▸ SUPPLIED INFORMATION
------------------------------

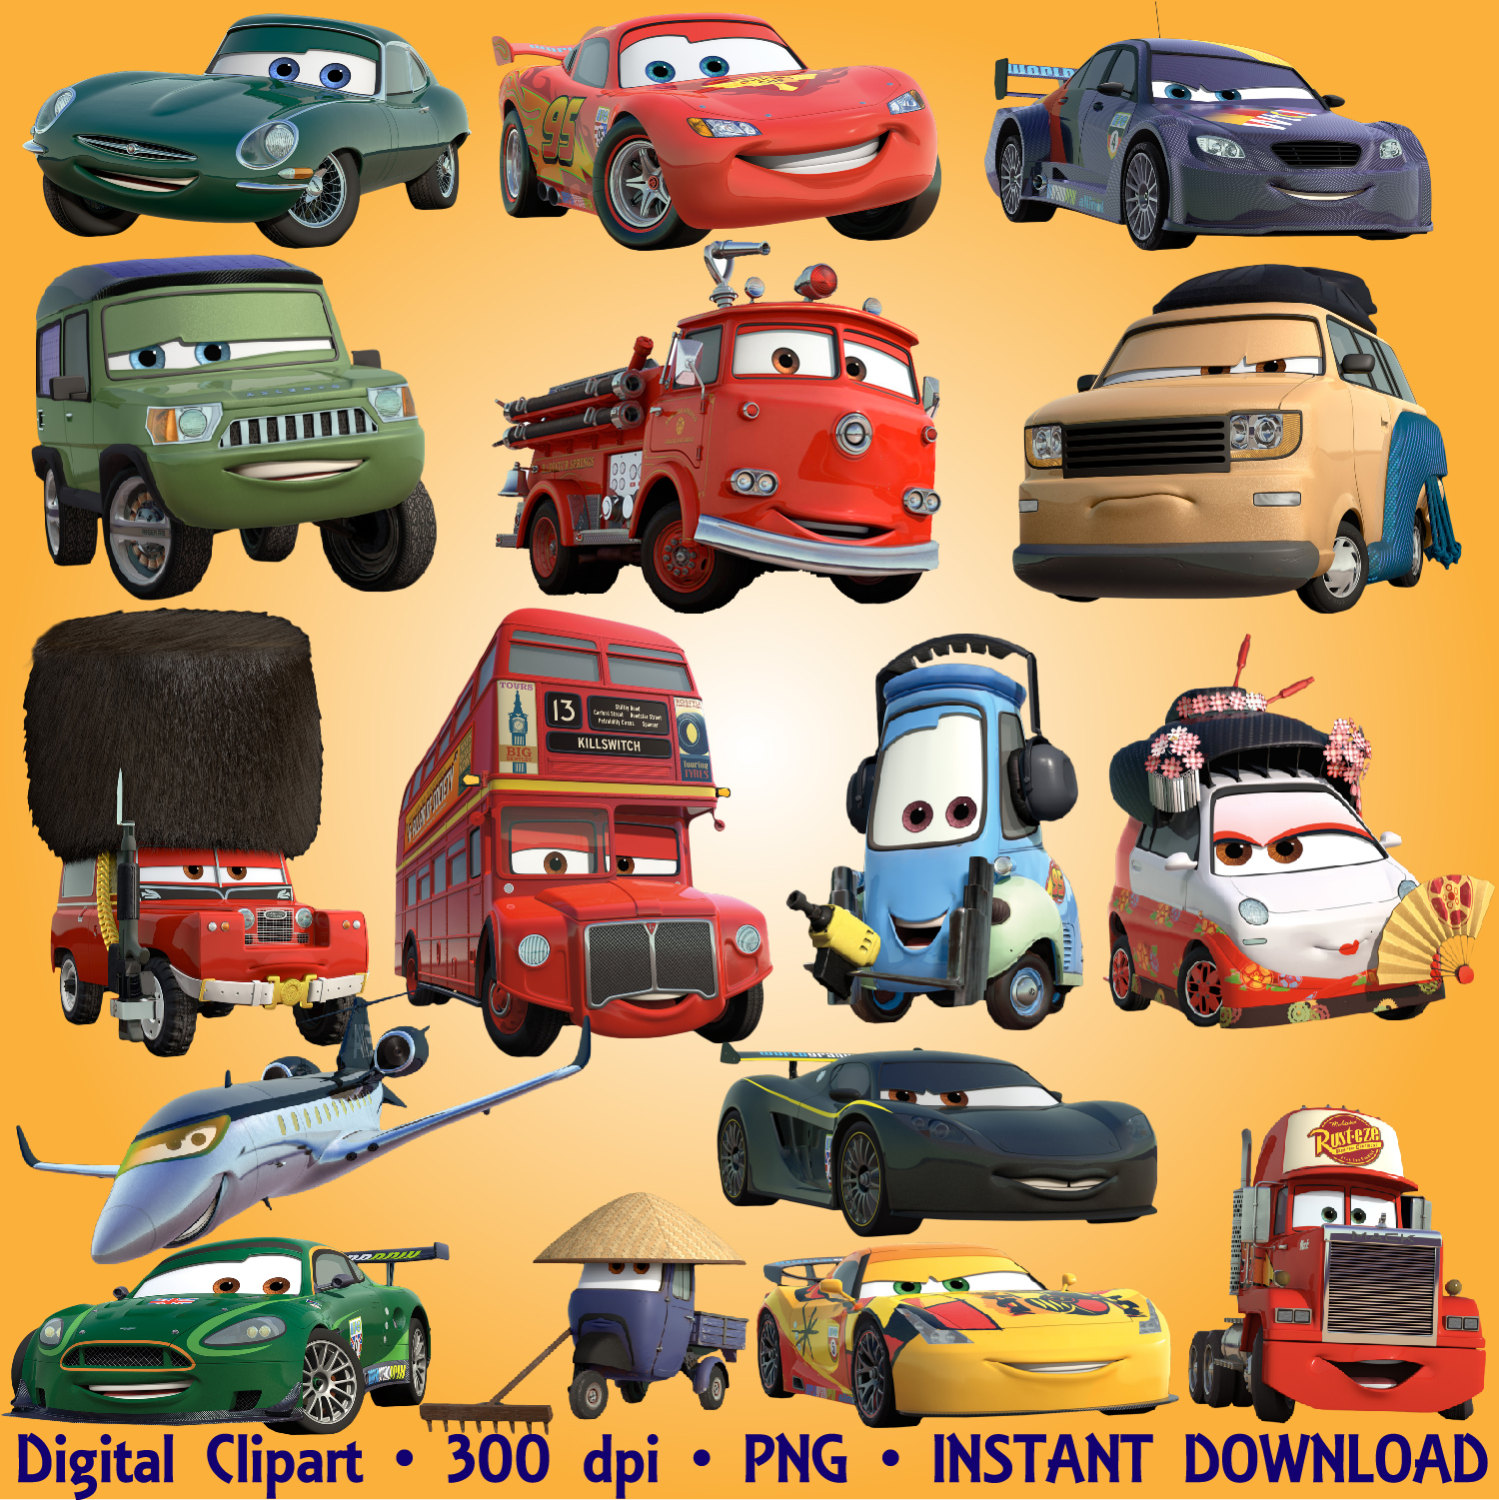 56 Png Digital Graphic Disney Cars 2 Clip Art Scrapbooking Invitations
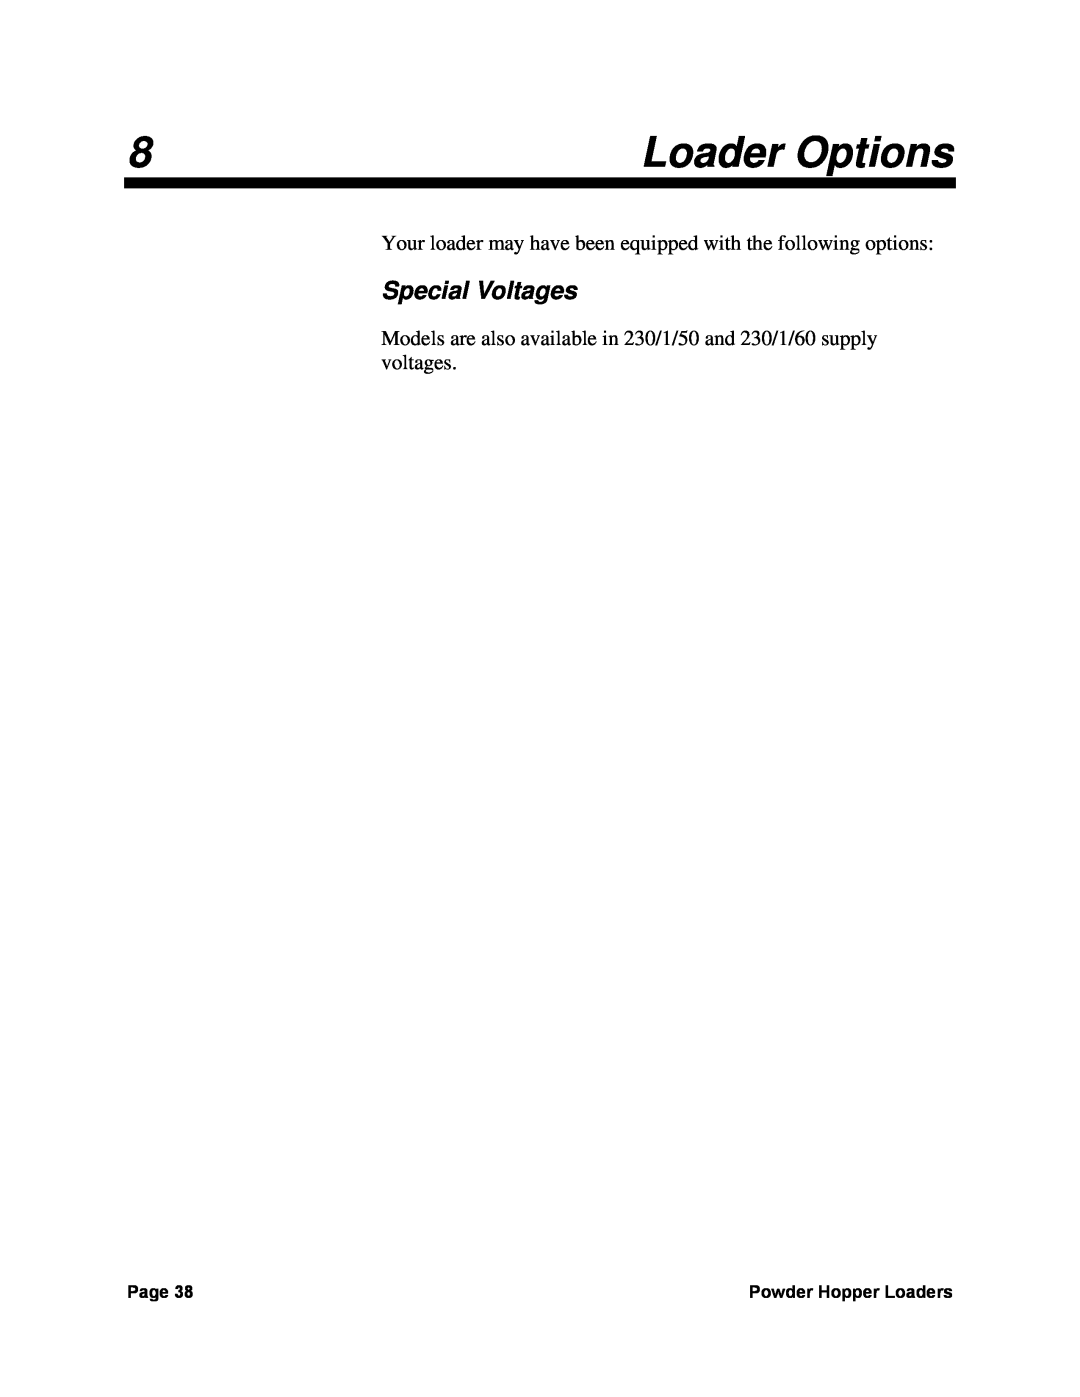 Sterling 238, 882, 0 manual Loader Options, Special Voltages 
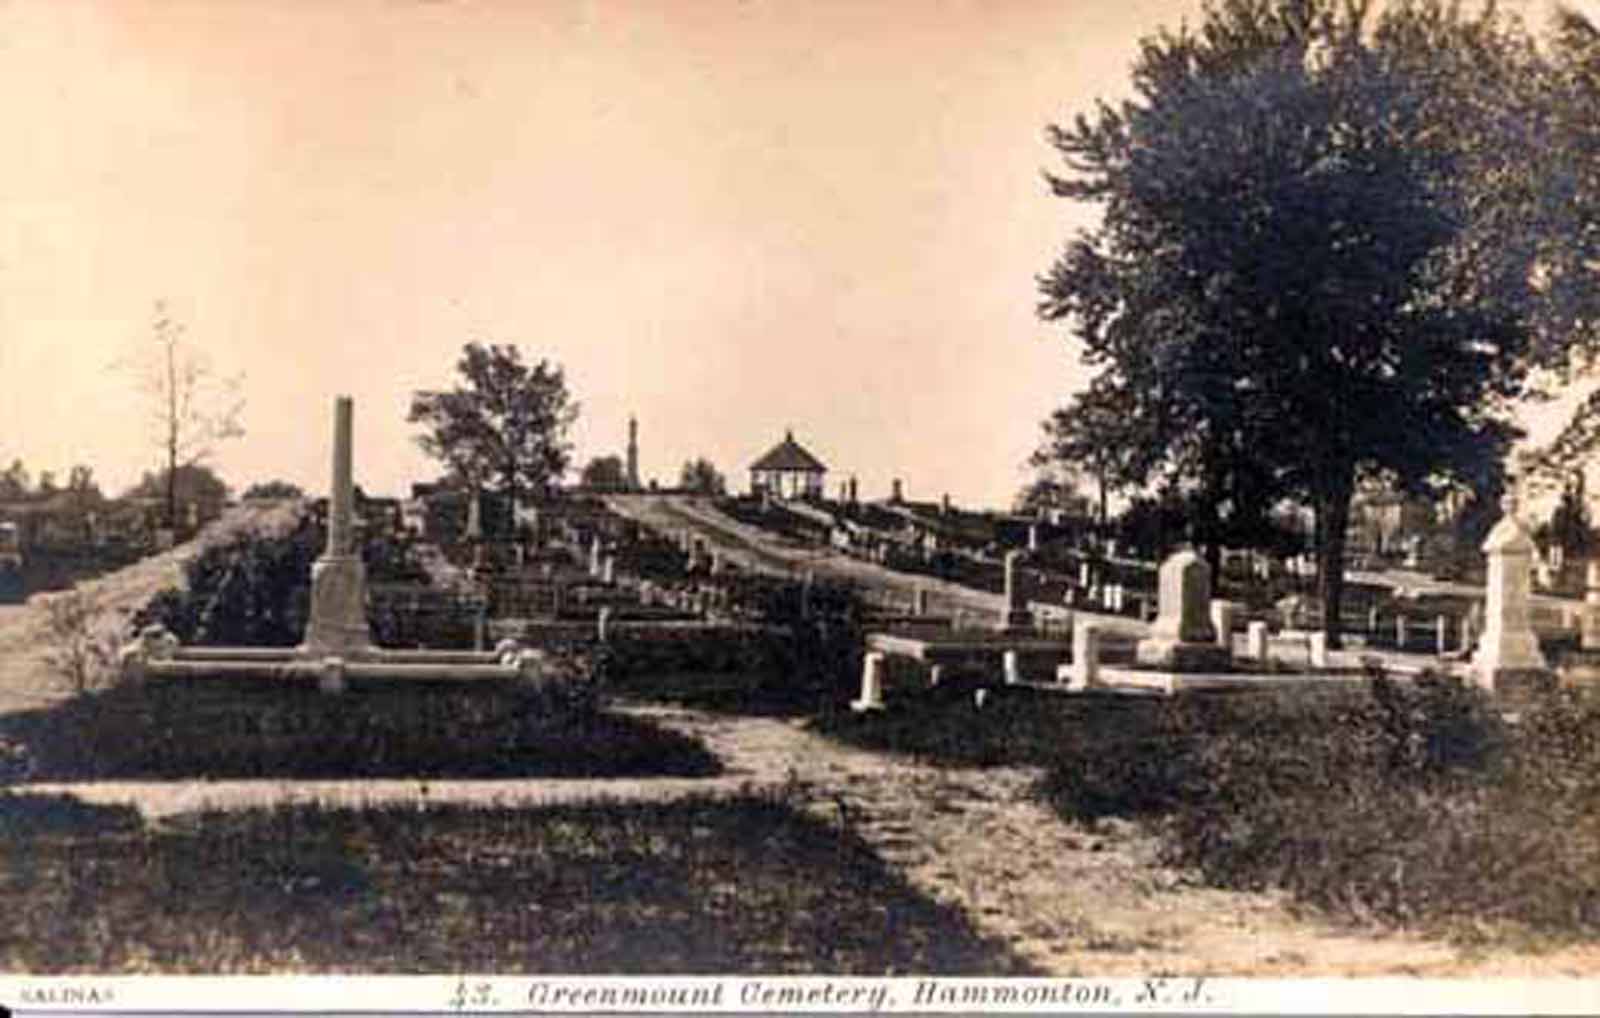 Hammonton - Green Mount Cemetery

------------------------------

▸ TRY IT
Once the line holding "Sterling 238, 882, 0" is found, copy it and each later line exactly through the end of the data, leaving out the pictures.

▸ RESPONSE TO THE TASK
 Sterling 238, 882, 0 manual Loader Options, Special Voltages 
 Hammonton - Green Mount Cemetery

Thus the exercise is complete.